言情小说网>古代言情>美人这样暴躁可不好>第41章 木府之谜(六)

  “秦歌!”楚怜玉咬牙道,“你给老子滚下去。”

  秦歌面色一凝, 忽地又是一笑, 伏在楚怜玉的胸前, 笑吟吟地道,“小玉, 你总是这样冷脸对我,我可是会伤心的哦。”

  楚怜玉抖了抖腿,把那个屁股一直扭啊扭的人晃得东摇西歪, 头疼道, “那你老实点不行吗?”

  “不行。”秦歌正色道, 粉色的衣衫在阳光下鲜嫩的厉害,整个人像瓷娃娃一般漂亮耀眼, 楚怜玉咽了咽口水, 指着他道, “那你也不能总这样啊。”

  “那样?”秦歌趴在他的胸前, 唇在他下颌嗅了嗅,“小玉, 你不喜欢我这样吗?”

  空气似乎都因为这若有若无的暧昧而粘稠起来。

  楚怜玉耳尖发红, 竭力平静, “大清早的,你不要这样。”

  秦歌细长的手指在楚怜玉的下巴上挑了一下,勾着他的唇道, “大清早,才适合做……”

  “不要说了!”楚怜玉满脸通红地打断他, 顺便赶走自己脑中一连串不好的想象,“你不要总这样不要脸成不成?”

  秦歌的手微顿,抬起身,一本正经地道,“小玉,若是你想要看我的身体,也是可以的。”

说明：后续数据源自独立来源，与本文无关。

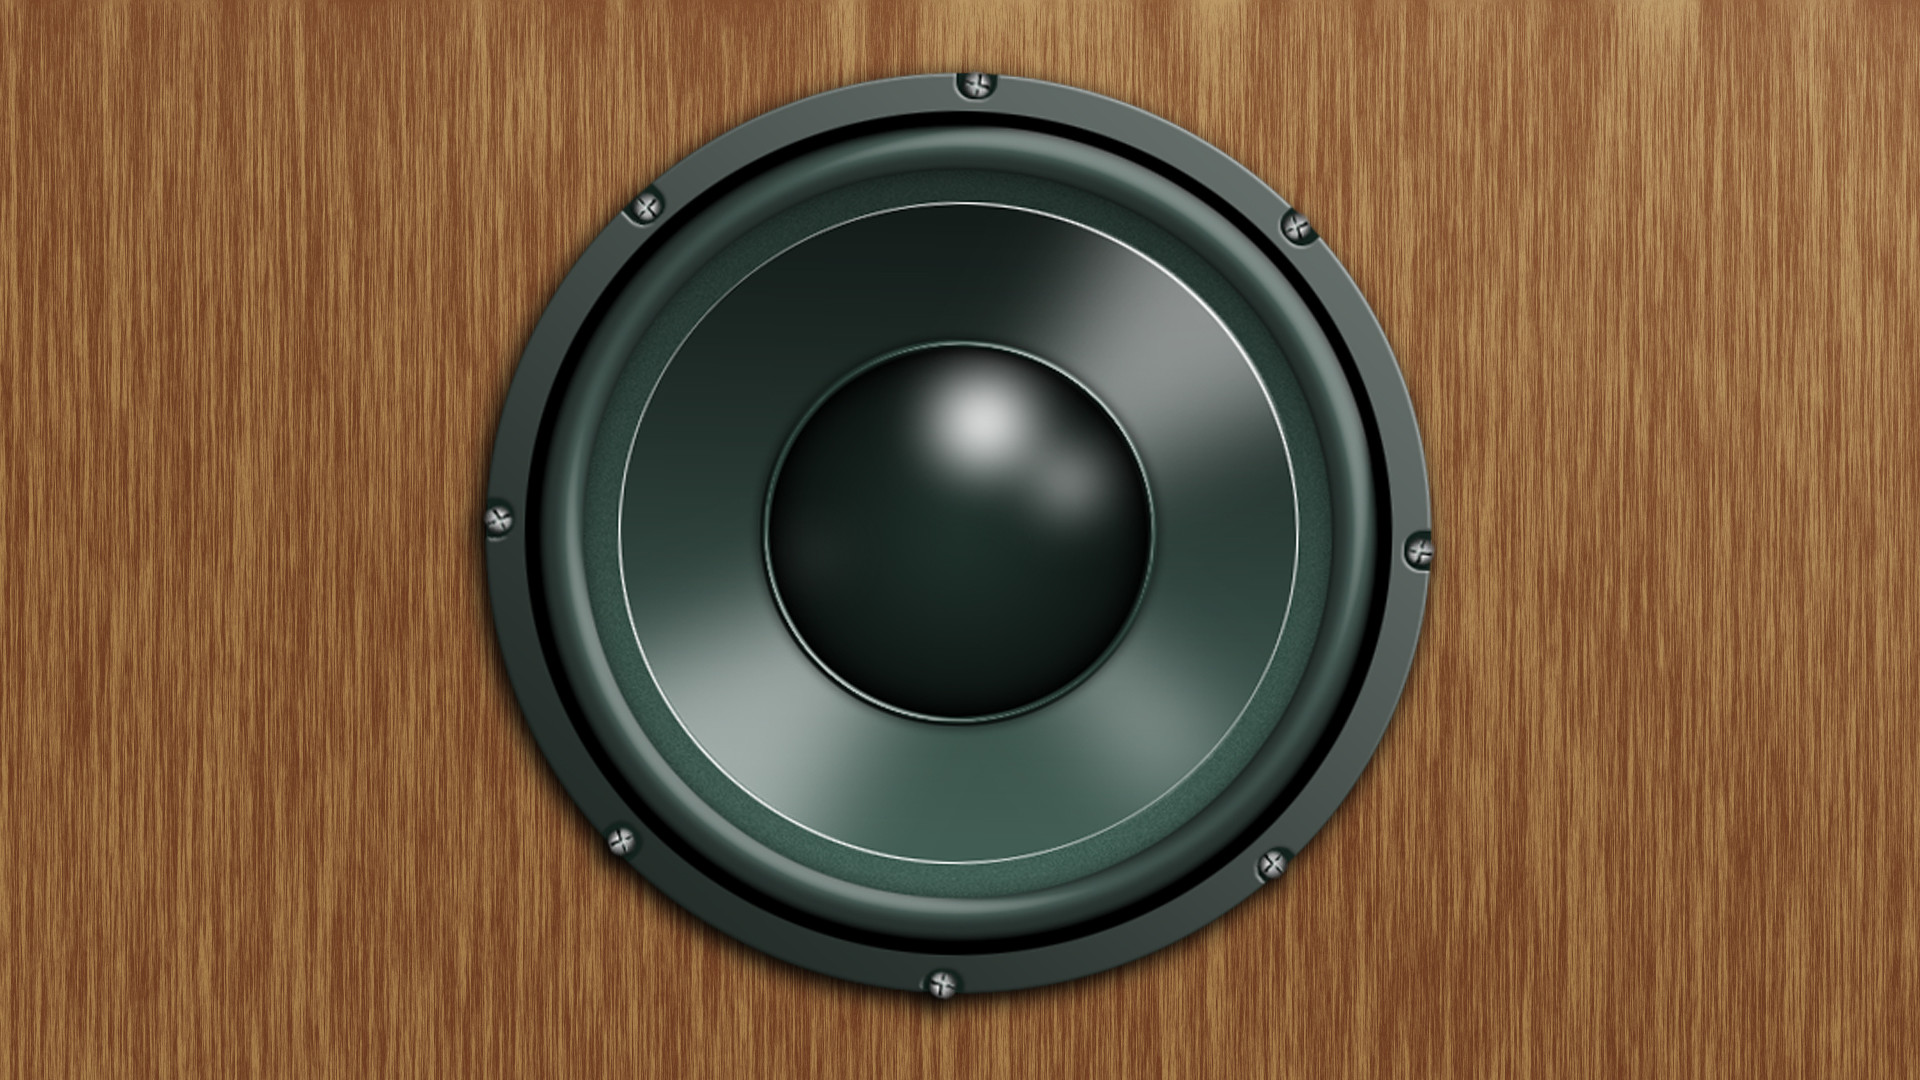 1920x1080 Subwoofer - Photoshop CS6 by WarrenCarr Subwoofer - Photoshop CS6 by  WarrenCarr

  “你有完没完!”楚怜玉羞耻地骂,眼睛却不由自主地从秦歌微敞的衣领中滑下去。

  秦歌看出他的眼神,轻笑着把自己的衣领往下扯了扯,“怎么样,想不想看?”

  楚怜玉感觉自己头顶都要冒烟了,他急忙摆手,大声道,“秦歌,你适可而止啊。”

  “过来嘛。”秦歌拉过他的手,说出的话似乎都带着勾,把楚怜玉招惹的心猿意马,他额上冒汗,单只手着急地推搡着秦歌,道,“秦歌,这是白天……”秦歌吃吃一笑,如玉的皮肤在清晨的阳光下折射着细腻的光泽,看得人极想伸手摸一把,楚怜玉眼睛不敢看他,手却被秦歌紧紧地握住,被他带着往下方摸去。

  似乎摸到了什么。

  “喂!你做什么?”楚怜玉猛地弹起,因为下半身被秦歌压制住,又狠狠地落了回去,他使劲地缩回手,睁大眼睛,不可置信地看着秦歌,又羞又囧又气道,“你疯了吗?”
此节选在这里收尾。